A Long Commit

November 17, 2020

I recently made a commit that I’m a bit proud of. At work, most of my commit messages (or “check-ins”—thanks, TFS) are usually short and abbreviated. But every so often I work on something more involved where I go through several revisions before I even make a commit (sometimes because it doesn’t even become compilable or working just yet). If it is particularly exciting to have reached that conclusion, then I’ll be inclined to note down not only my thoughts about the end result, but also to describe my own personal journey to that conclusion.

Here is said commit: https://github.com/Jman012/jlsftp/commit/b8895d6d4d6272f4f66bc508b45c989ebb6df4bb

The following is the contents of the commit. I could have used more code examples or linked to more sources, but it was still fun to write and I thought it would make for a nice short blog post.

First working draft of the NIO SftpPacketDecoder

This is the first version that is working based on a single unit test. It went through several revisions already.

The tricky part of all of this is dealing with the ByteBuffer. It’s very useful, but can be used in various ways, especially in regard to either reading or geting its data, and working with slices.

The serializer works by reading off of the buffer, but if that fails then we don’t want those bytes consumed already for the next invocation of the decoder, so we want the buffer reset. This is in contrast to a stateful decoder that might consume the bytes and store them across decoder invocations. While this might simplify the decoder, the deserializer might get really messy and I wouldn’t want to deal with that. It would be a lot more annoying to write the many different serializers, compared to the single decoder.

So, the decoder needs to start fresh on the next invocation if the deserializer needs more data. This could be done by resetting the reader index if we ever need more data, or leaving it as read when continuing.

The complication arises when we might have a lot of data in the buffer, and deserialize SSH_FXP_INIT. While this shouldn’t happen because the client shouldn’t send two packets at a time, it’s something that should be handled carefully. The init packet doesn’t contain a count of the extension data before iterating over them. It relies on the packet length to determine how many extensions there are. So if we passed in the entire decoding buffer, it might read into the next packet by accident.

Thus, we need to slice the buffer based on the packet length. Reading on a buffer slice doesn’t read on the original buffer, so we need to move the reader index on the original buffer if the slice reading was successful. That is the result of this commit. We slice twice, once to read the packet length/type, and again for the payload data for the deserializer, each time synthetically reading the original buffer as needed on success.
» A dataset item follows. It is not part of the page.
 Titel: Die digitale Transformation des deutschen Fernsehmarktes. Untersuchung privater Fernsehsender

This also helps because we can split up the decoder into more functions, instead of one very large decode(context:buffer:) method.
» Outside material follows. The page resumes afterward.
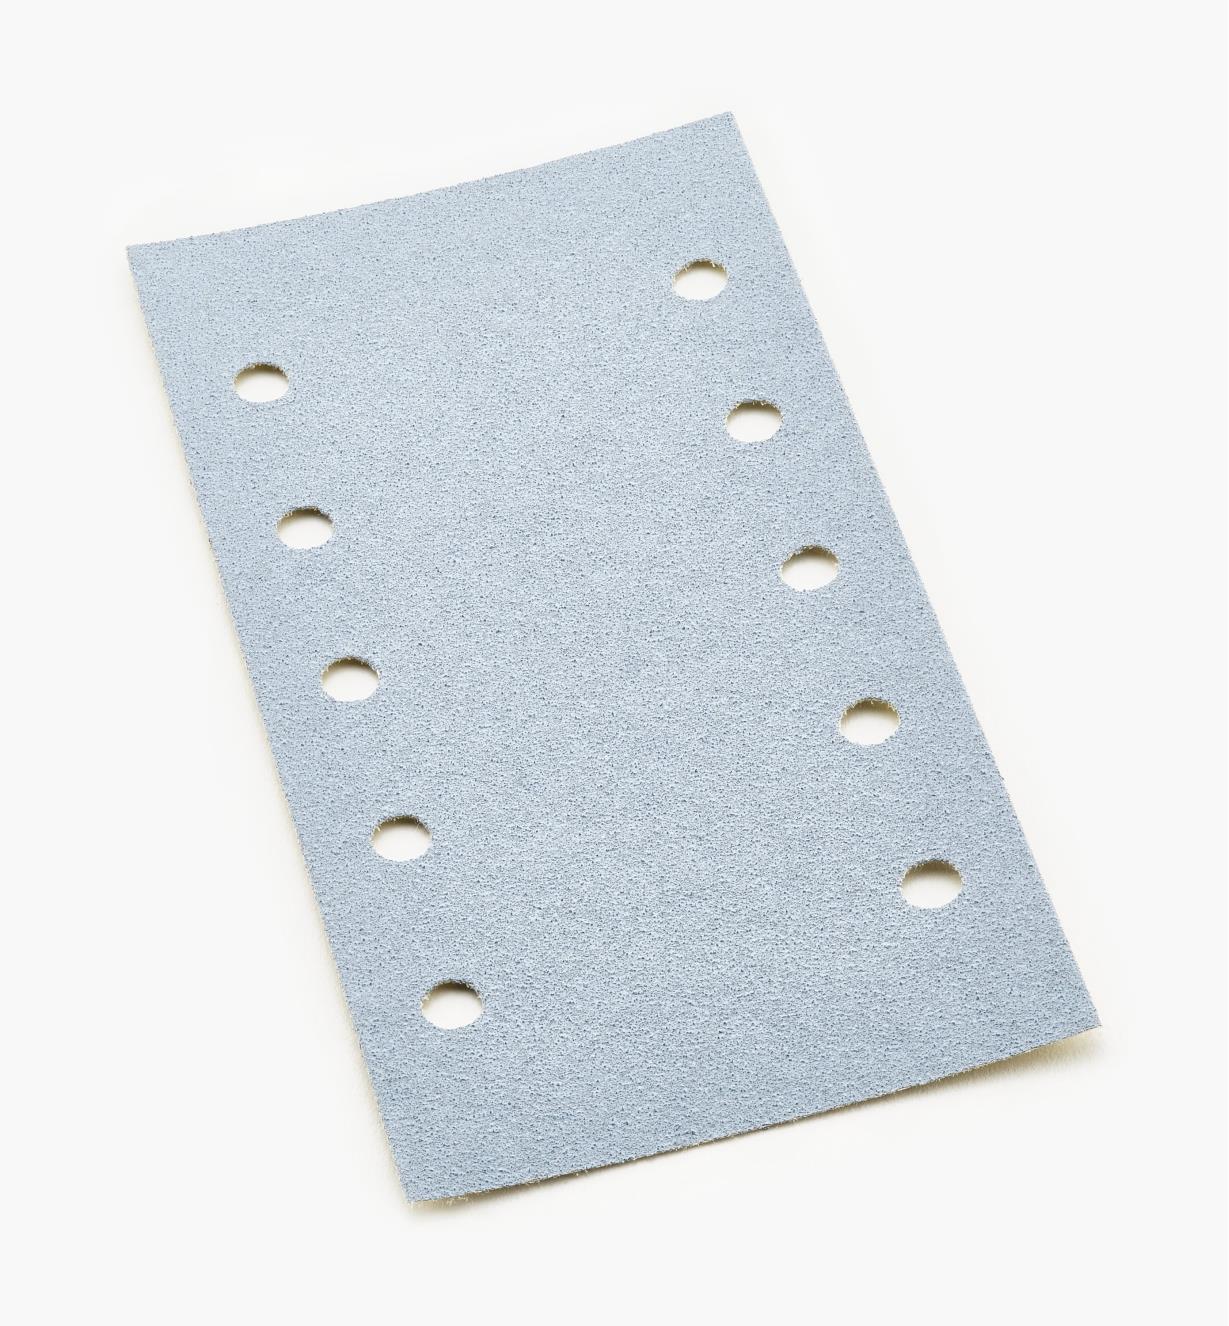 ZA498945 - Granat (P 60), Qty. 50

Part of this decoder implementation did away with the packet length and type deserialization in the original deserializer. I think I could maybe move that back out of the decoder and into the serializer object, to simplify the decoder somewhat. It will need to report better errors for the decoder, though, so I’ll have to be careful about that.

The next complication will be unit testing. I cannot create a ChannelHandlerContext mock. This will be tricky if the convenient ByteToMessageDecoderVerifier doesn’t get all scenarios (notably .body message parts which may not be deterministic).

Overall I’m happy with the progress, and can refactor if needed. See the commented decode(context:buffer:) for the first draft. It’ll be removed soon.